Your outhaul setting looks good, maybe sometimes a little loose upwind. So you want it to be about 8.5" off the boom cleat in light wind... and then you are fine tuning it based on your helm. If you have too much helm or feel a bit slow, pull some outhaul on - usually to about 50% of the original light wind setting once you are hiking. If you feel like you aren't pointing well, you can ease it a bit and see if that helps. Your outhaul is important - it is impacting all of your battens the same up the sail, your entire leech shape.

Otherwise, it's hard to tell because in the videos you tend to sail around a bit randomly. If you make another video, setup an upwind mark and a downwind mark and sail around them practicing focusing on upwind sailing, tacking, roundings, downwind, gybing, roundings etc. with 100% focus on getting to each mark as fast as you can. Then we will be able to give you more feedback on your technique.

C
 
Yo,
Cool vid. -1st rankings of term race 1.
First thing to mention is your use of the kicker, or lack of it.
Going upwind the boat is way not flat and you're throwing your shoulders as far out as poss but also down and arching your back, while this may feel as though you're working extra hard in terms of leverage you'd be better off staying flat so you can see your belly knees toes...
While ashore, pre launch, with everything slack. Tighten your traveller as best you can then sheet in the main until the boom block and traveller block actually touch....hold it there and at the same time max on the kicker.
With a permanent marker, put a solid stripe across the kicker lines about four inches below the fitting.
Then you'll have a visual mark to set toward when you're about to hit the bottom mark.

I know you were using old style set up but adjusting the outhaul in combo with the kicker will power up / de- power the sail and help flatten the boat.
The cunningham, about half way through the vid could do with pinching on a bit - note all the creases pointing onward the clew - all those little bumps in the sail murder laminar flow.

I liked how you slow mo'd your tacks n gybes, to show ( yourself as much as others I guess ) your body movements through the manoeuvres , the grabbing of the high rail to pull yourself up with tiller hand is classic sailing school teachings....I imagine you'll develop your methods to suit you best as you progress, but doing that ( the above) will sap your strength in no time.
Maybe position your feet underneath you in readiness and use the big giant muscles in your legs to do what they are designed for ? Also while your tiller hand is static in pulling you up, so too is your tiller in the water behind you...

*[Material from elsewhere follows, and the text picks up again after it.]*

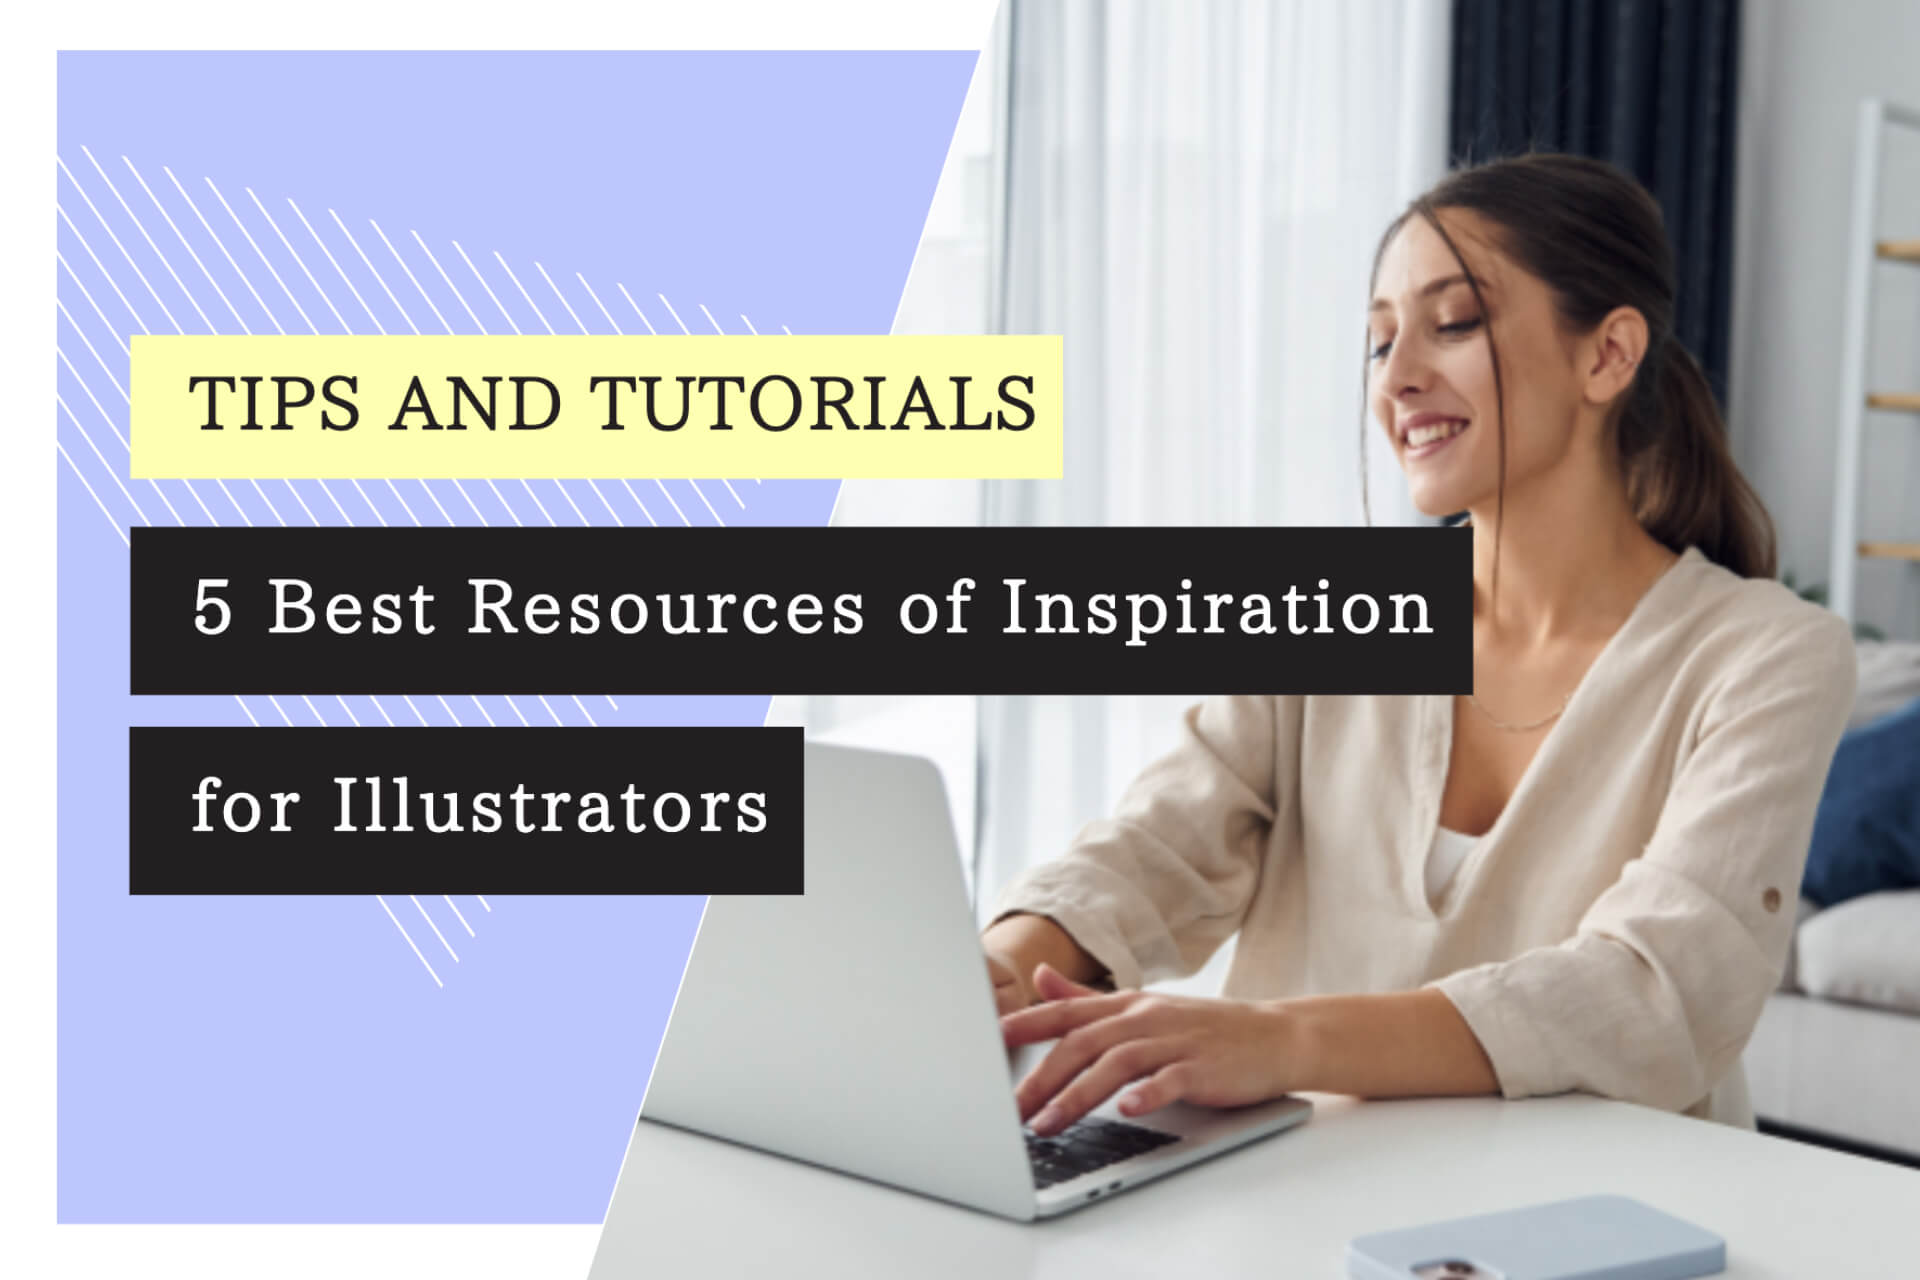 5 Best Resources of Inspiration for Illustrators to Boost Creativity

Everyone will tell you to flatten the boat, everything works better when the hull's flat in average conditions - the sail, the hull shape, the daggerboard and of course the rudder....the trick is getting and keeping it flat.
 
I know about my vang setting but as you'd see i have a traditional vang which can be a real pain to adjust and i believe i actually did fix it later but i edited it out but im getting a new harken one soon. Thanks alot both of y'all for the great advice ill definitely try what you said with the hiking. First rankings was actually an old one that i re-uploaded so some of the other ones may be a bit newer.